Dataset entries

+++

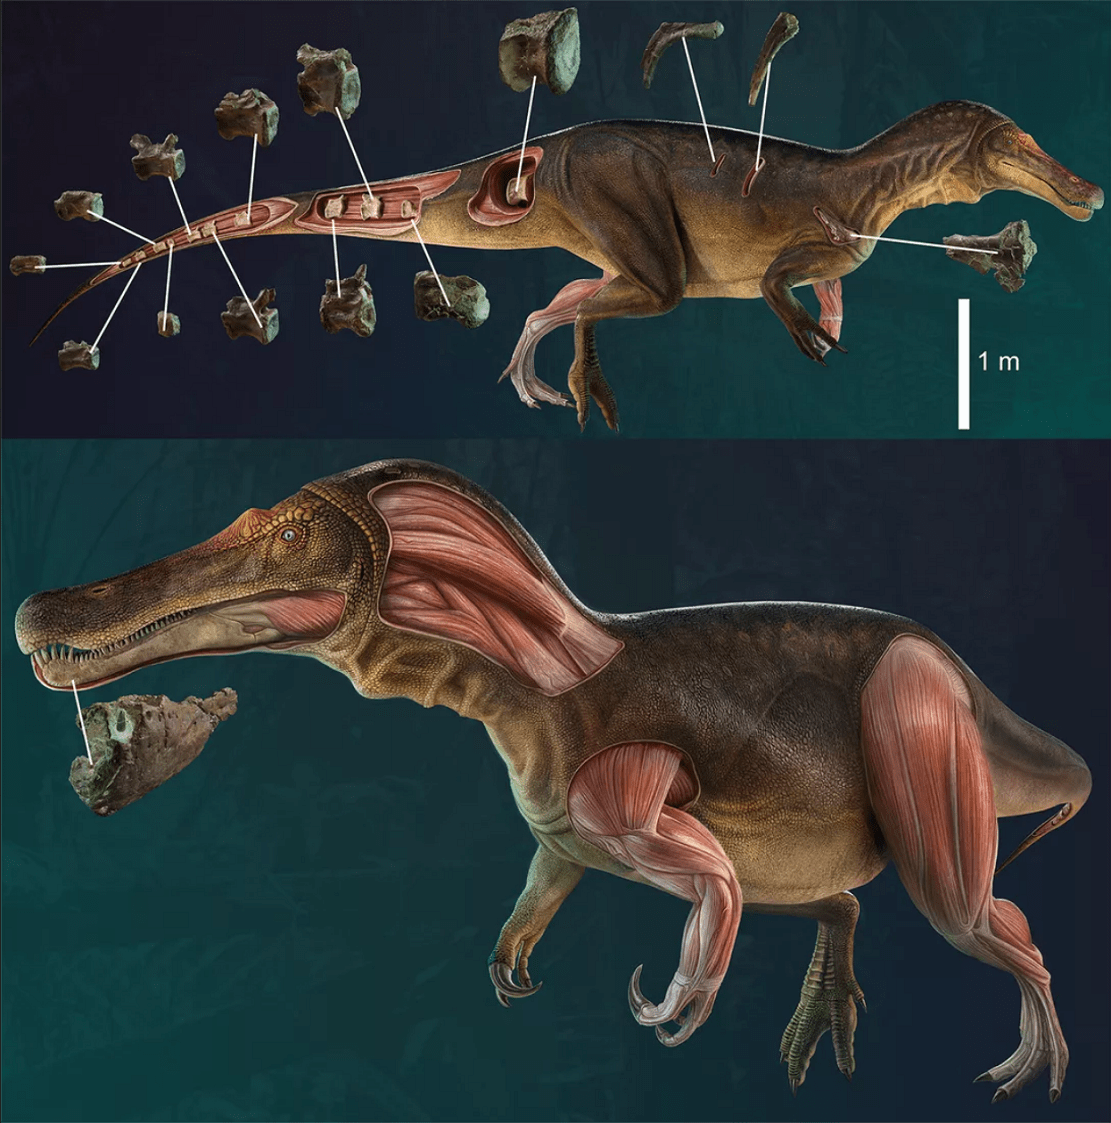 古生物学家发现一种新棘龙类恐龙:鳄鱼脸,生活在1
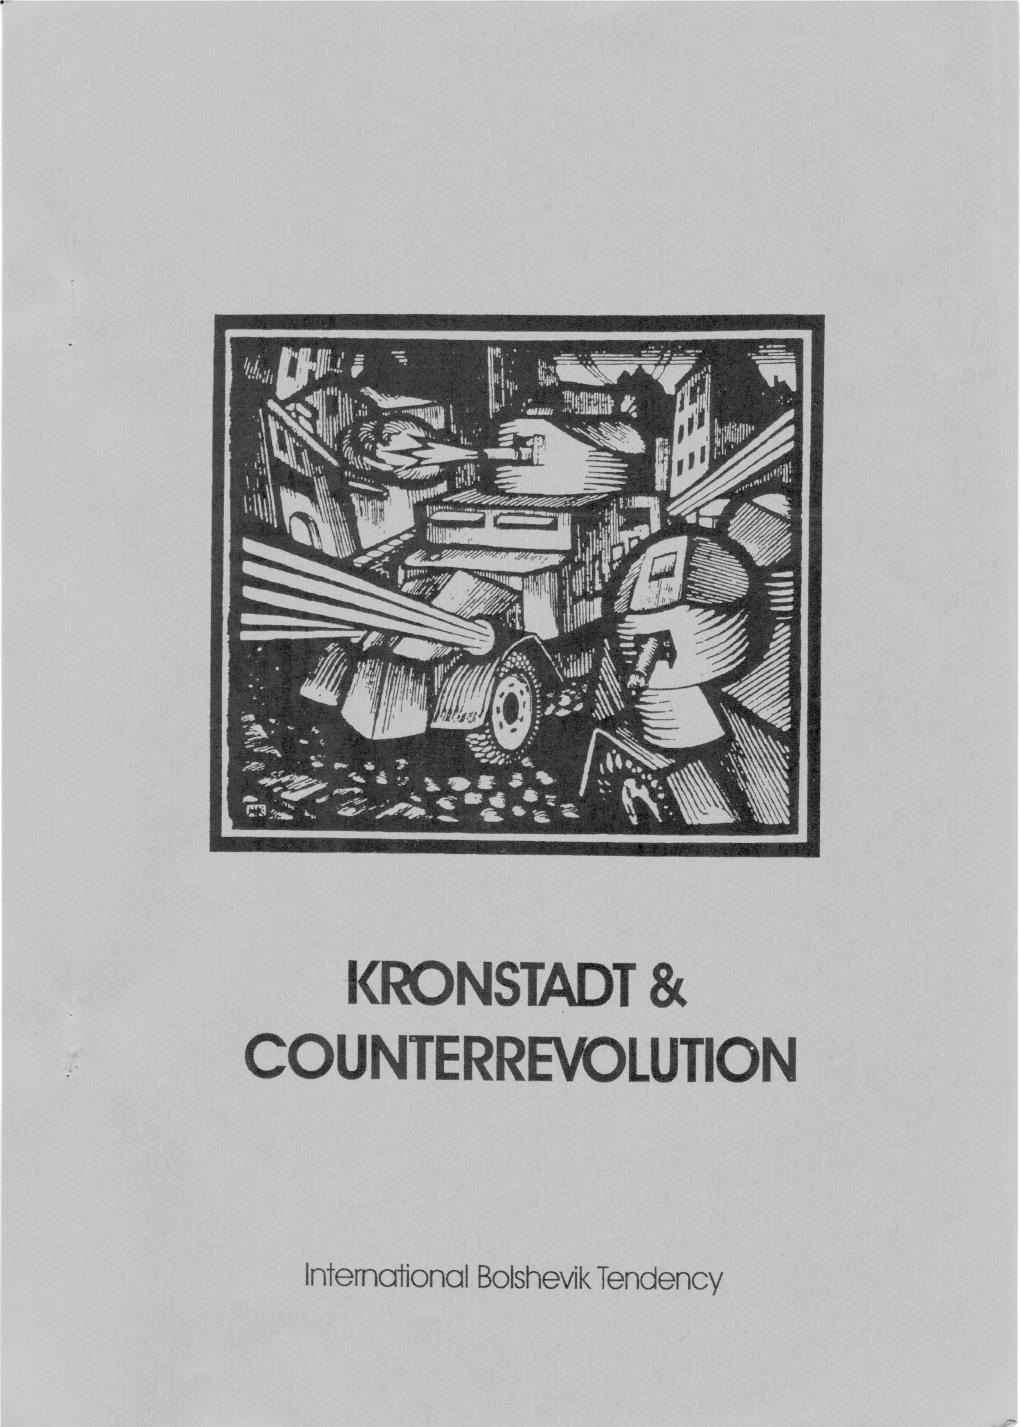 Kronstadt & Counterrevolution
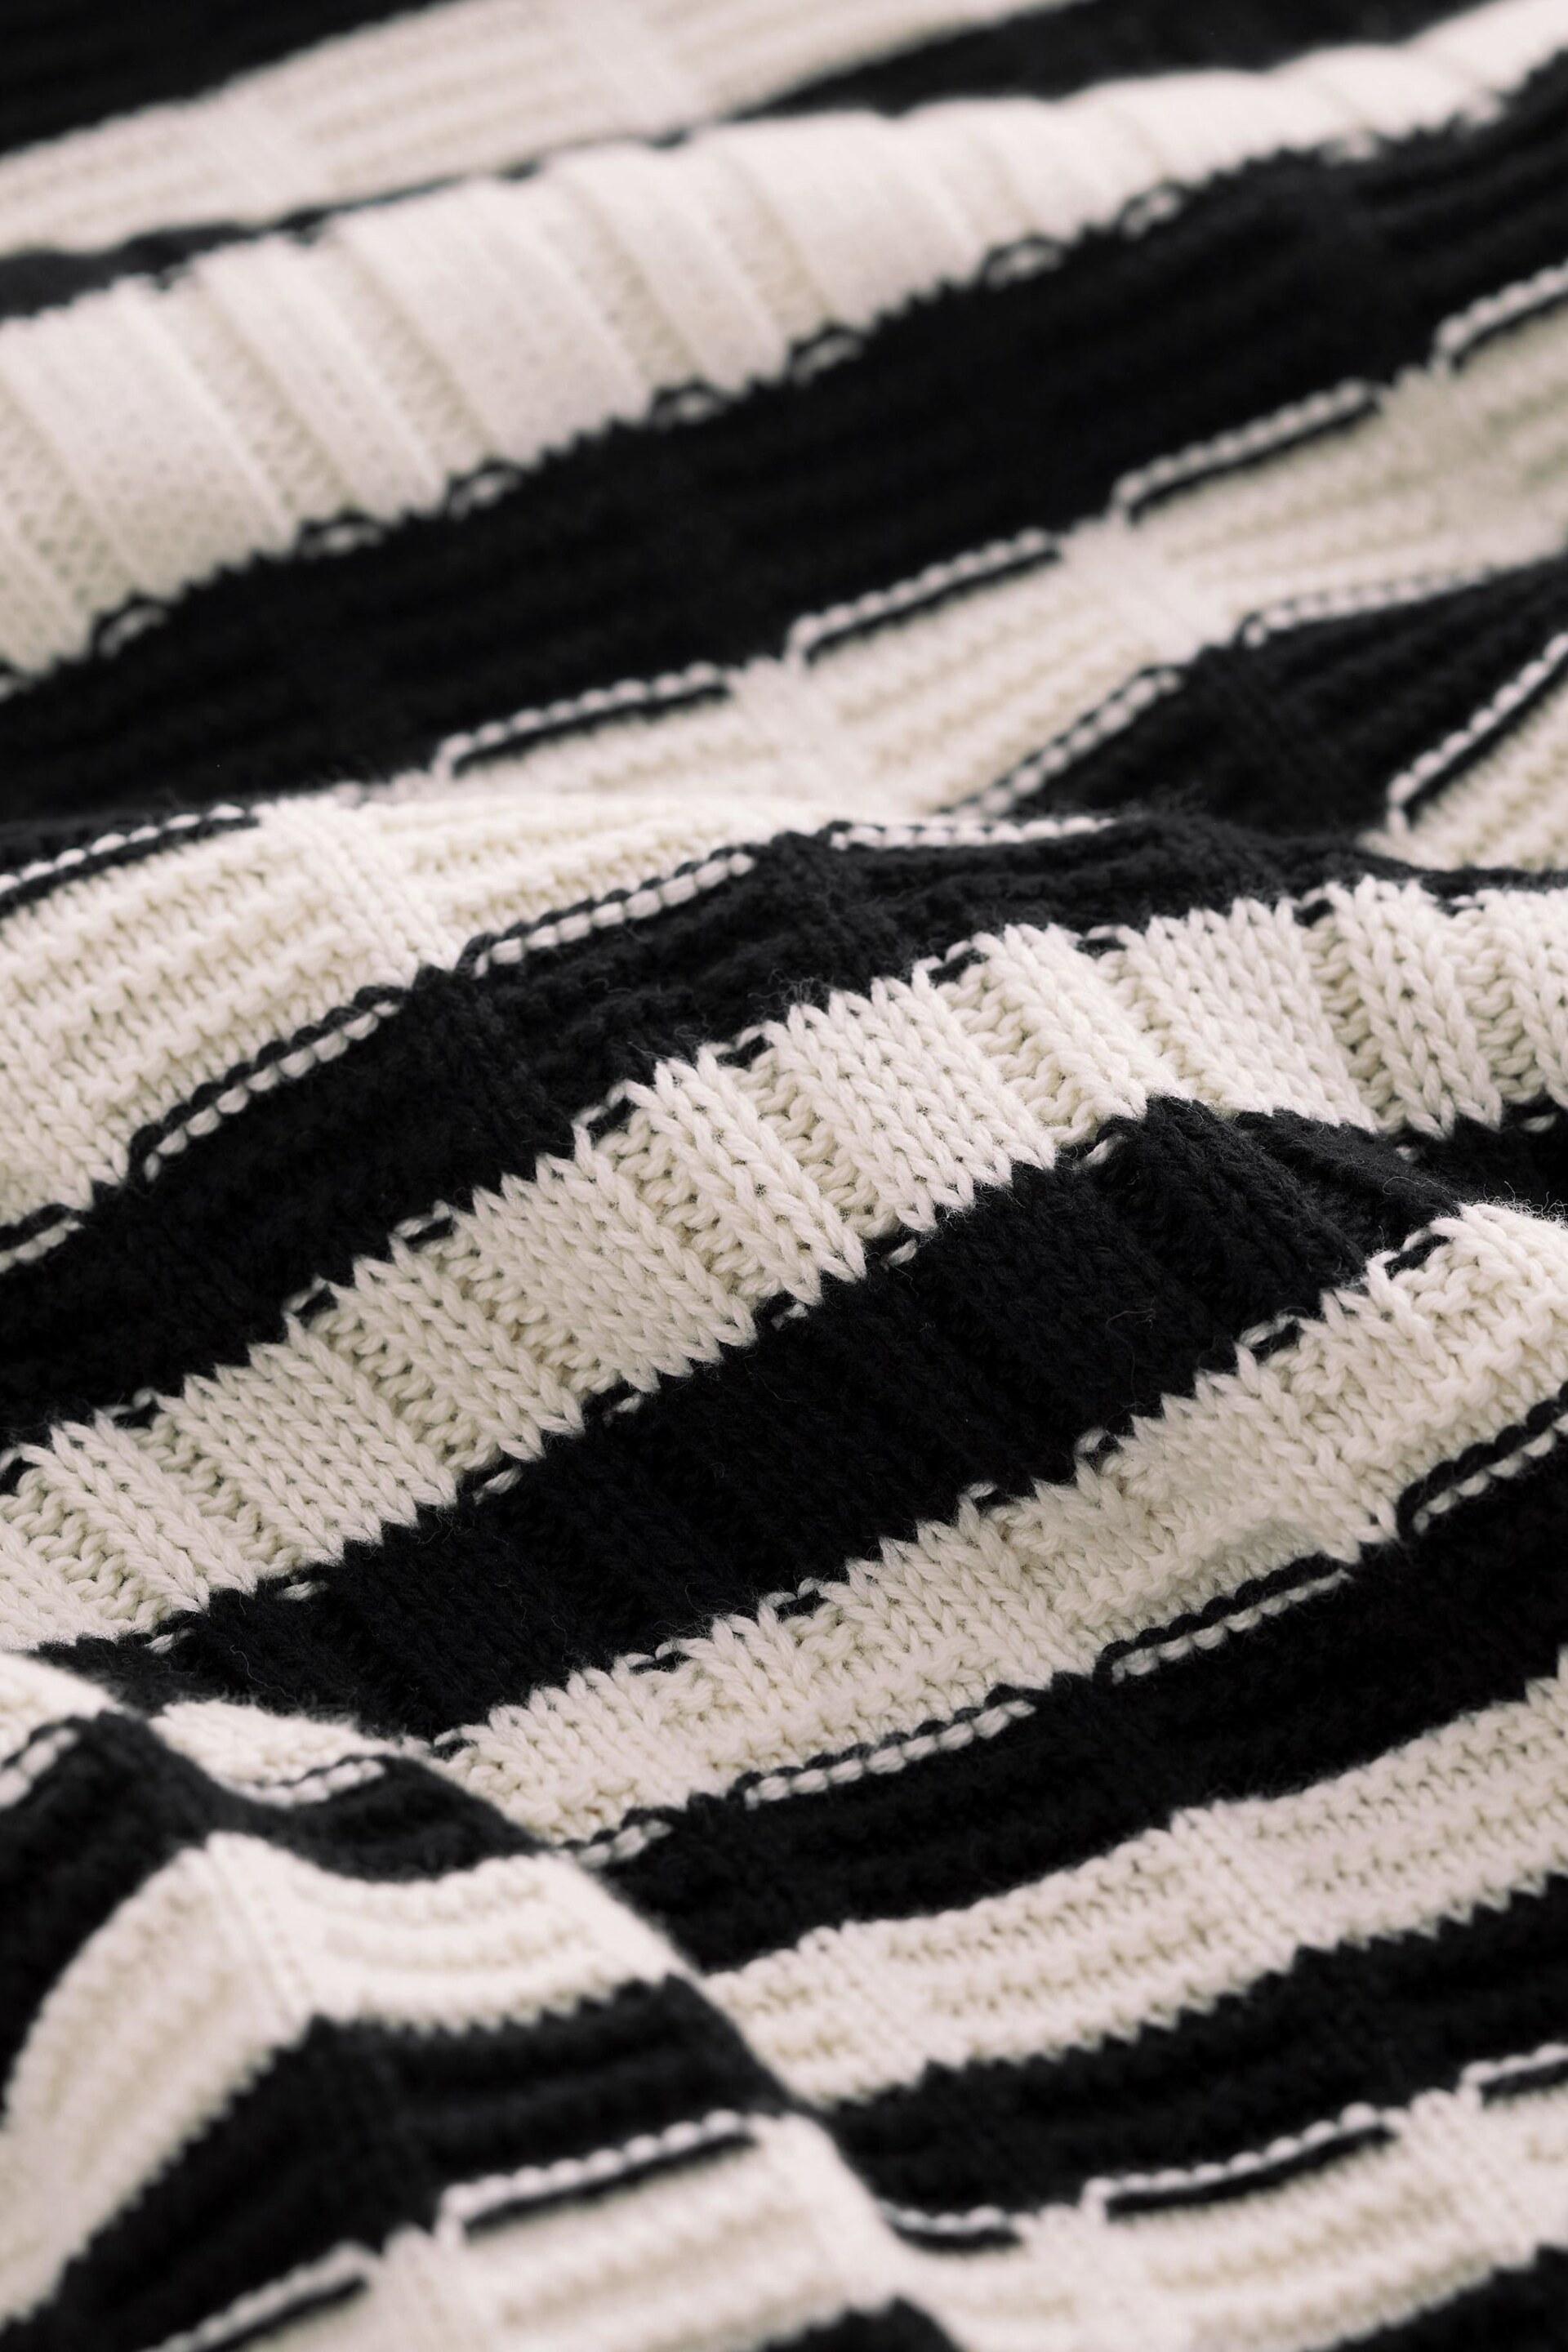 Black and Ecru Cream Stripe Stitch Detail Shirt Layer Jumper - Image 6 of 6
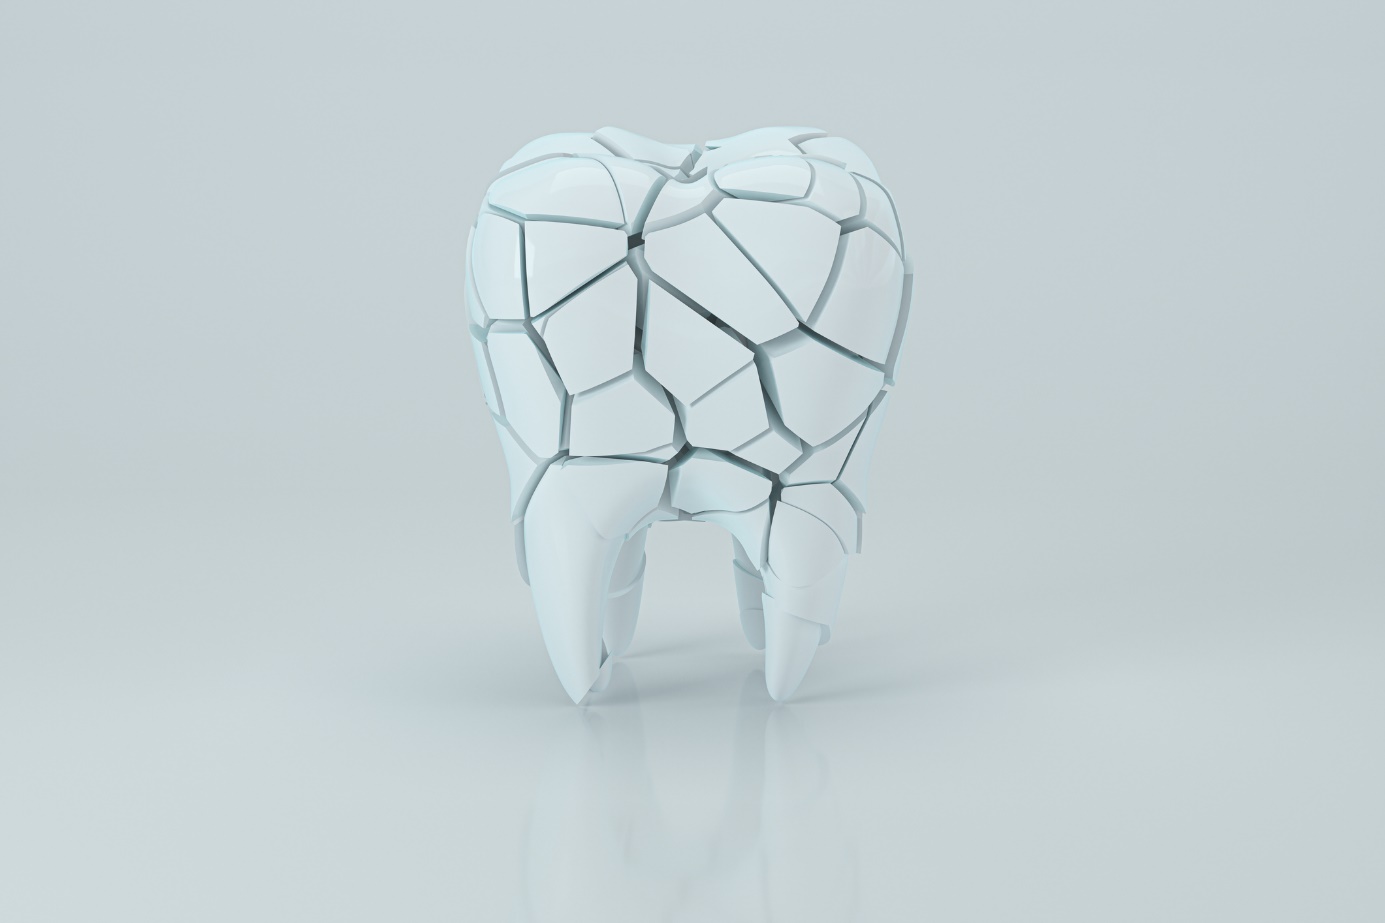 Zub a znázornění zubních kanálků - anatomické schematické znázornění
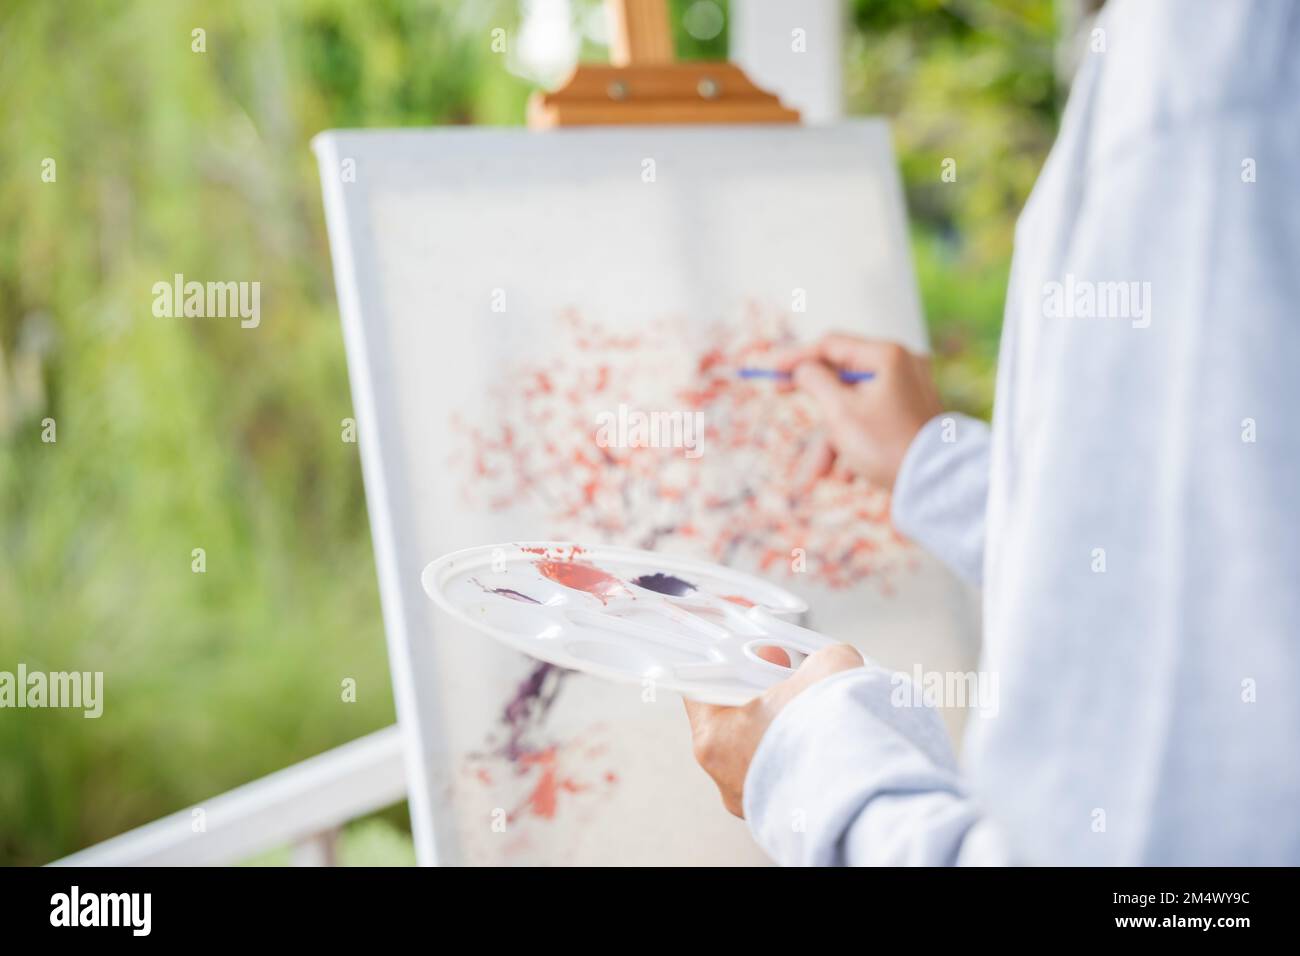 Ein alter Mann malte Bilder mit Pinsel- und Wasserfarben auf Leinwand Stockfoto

+++

[Exercise description]
Where a picture appears in the data, omit it; restate the rest word for word.

[Reply to the task]
 古生物学家发现一种新棘龙类恐龙:鳄鱼脸,生活在1
 Kronstadt & Counterrevolution
 Black and Ecru Cream Stripe Stitch Detail Shirt Layer Jumper - Image 6 of 6
 Zub a znázornění zubních kanálků - anatomické schematické znázornění
 Ein alter Mann malte Bilder mit Pinsel- und Wasserfarben auf Leinwand Stockfoto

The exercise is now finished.